I presented a talk at InterOntology08 last week (list of slides presented). It was only 15 minutes so there wasn't room for much content. What I think is the most important slide was number 11 about how the BioMANTA project is attempting to produce ontologies as an agile, engineering artefact that are verified in reality (due to experiments being performed, provenance tracked and data analysis on the quality of the provenance to filter out irrelevant or incorrect data).
There were some good things to come out if it. Thinking about how to describe to other people problems with ontologies in terms of inconsistencies - what will be inferred that contradicts your ontology - was very useful. The work done by Werner Ceusters, Nicola Gurino and Yu Lin were the most close to our work. One of the speakers gave what I think as a succinct description of the difference between top down vs. bottom ontology development: "what to expect" vs. "what to extract". I also met a lot of great people who I hope to meet again and Japan was very cool.

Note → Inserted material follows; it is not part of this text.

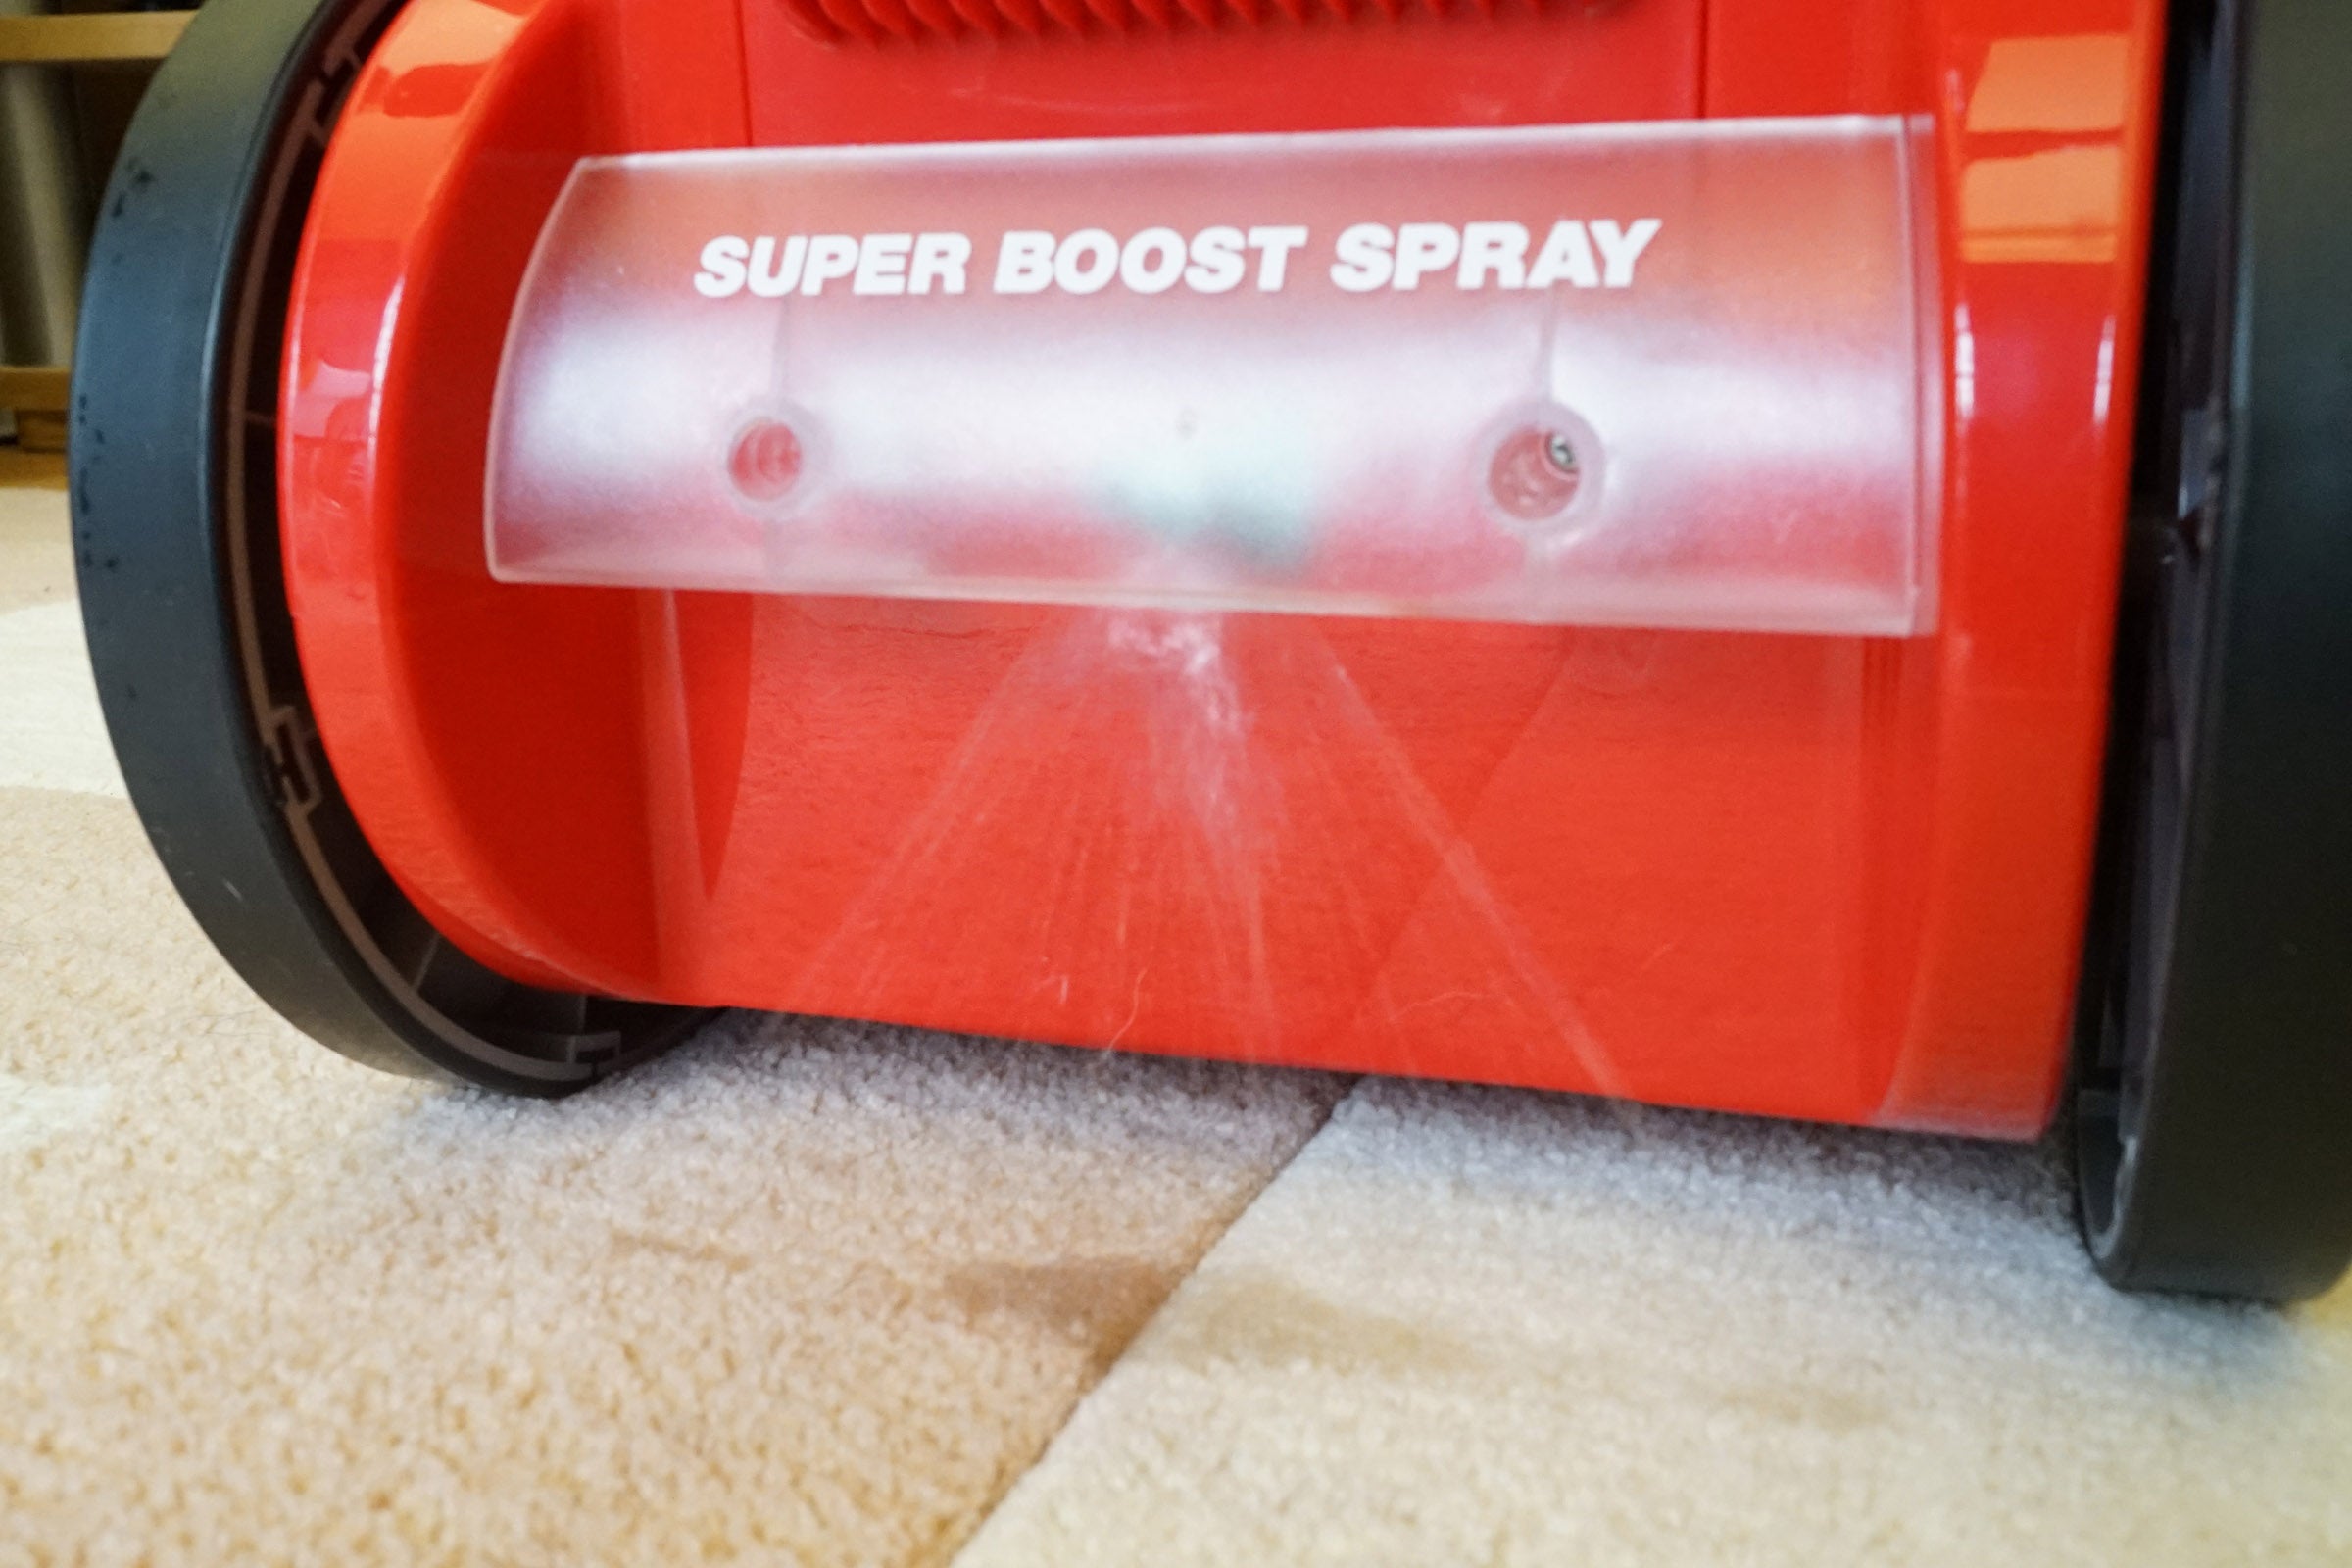 Rug Doctor carpet cleaner using super boost spray on carpet.

Easily the best, in terms of the most thought provoking, was Barry Smith's, "The Evaluation of Ontologies: Editorial Review vs Democratic Ranking". This discussed the work of the Gene Ontology and the OBO Foundry. He cited the Gene Ontology as the most useful and most used ontology which has been developed using a top down process. It allows comparable data to be produced, it removes data silos and he compared it to creation of standard measures (metric system). He said that in order to achieve this standardisation you need editorial committees. An ontology becomes part of the peer review, journal process. He introduced the OBO Foundry which has many principles such as being open, has a formal language, collaborative, orthogonal components, versioned, well documented and must have data before it can be accepted.
The alternative view he offered was attributed to Mark Musen. It's a bottom up, annotation of ontologies and many of the slides were taken from a previous talk. Mark believes that ontologies are still a cottage industry and that it is often difficult to ascertain the quality of an ontology just by inspection. He said it is also true that we may wish to use parts of ontologies even if they are not well designed. He questions whether a top down approach can scale. He is developing BioPortal which offers a way to upload and rate various ontologies. The key question about BioPortal is whether it will generate enough interest to reach a critical mass of reviews.
I had many problems with this talk. Firstly, the way it was characterised as one vs. the other - why can't they both work? What stops peer reviews of popular ontologies or getting popular ratings of peer reviewed ontologies. Barry mentioned that a selection approach works for refrigerators (where peer review designs the function of the refrigerator and colour is selected by the masses) but questioned whether this should work for science. This is an obviously negative view of what mass selection can do - we choose representatives in a democracy or successful products in a capitalist market, surely these are very important things that are left to the masses. Are ontologies any less than these things?
Beyond that, both of these methods seem to suggest a certain centralisation. Doesn't this encourage gatekeepers, people holding onto power, hasn't the web (governments, capitalism, science etc.) shown that decentralisation is better? I see science as a competition of ideas, the best model is chosen over many possible ones that best fits existing data and predicts new observations.
One of the OBO Foundary principles is that you can't reuse an ontology. That is, if you're outside the OBO Foundry and you make a change you can't redistribute or use the same identifiers. This just seems wrong. I must be misunderstanding this part, because it is supported by people who I would expect to support the idea of reusing ideas and, most importantly, sharing them with others.
Many of these arguments seems to be around whether an ontology is attempting to create or represent reality or if its an engineering artefact. I see it as a bit of both but its primary utility, I'd suggest, is as an engineering artefact. It represents a (hopefully working) system.
A simple example is our "fixing" of BioPAX. BioPAX uses string literals for certain properties and this prevents them being used as subjects in RDF. I would like to link, maybe dereference them and do other cool things with them that you can only do with URIs. So I'd like to make a change now, get something working and distribute my software with these changes.
I do think that ontologies should be well documented but documentation can be a barrier when you want to change something, try it out, make more changes, try it out again - the documentation is potentially going to be missing or wrong. The whole process seems to be trying to do too much upfront - which is terrible for the few, overworked ontologist that there are.
I don't want to wait while my ontology gets peer reviewed necessarily - the chances of the right person finding a mistake really doesn't sit with a committee or voting process - I'd like it to include everyone. I'd like to do it cheaply both in time and money; if for no other reason than to see whether it works well. If it doesn't work then it's not a big deal I can just change it back. It seems that if this was part of a big process then it would be less likely to happen.
Both methods also lack verification (or at least it wasn't discussed). There's nothing to say that a bunch of people in the OBO Foundary or a voting process will necessarily achieve certain modelling objectives - something that is right for me or for everyone. Like most systems, ontologies will have contradictory requirements such as flexibility and completeness or security and privacy - there really isn't one true answer. I'd prefer a process that quickly adapts to changing requirements which can then be verified.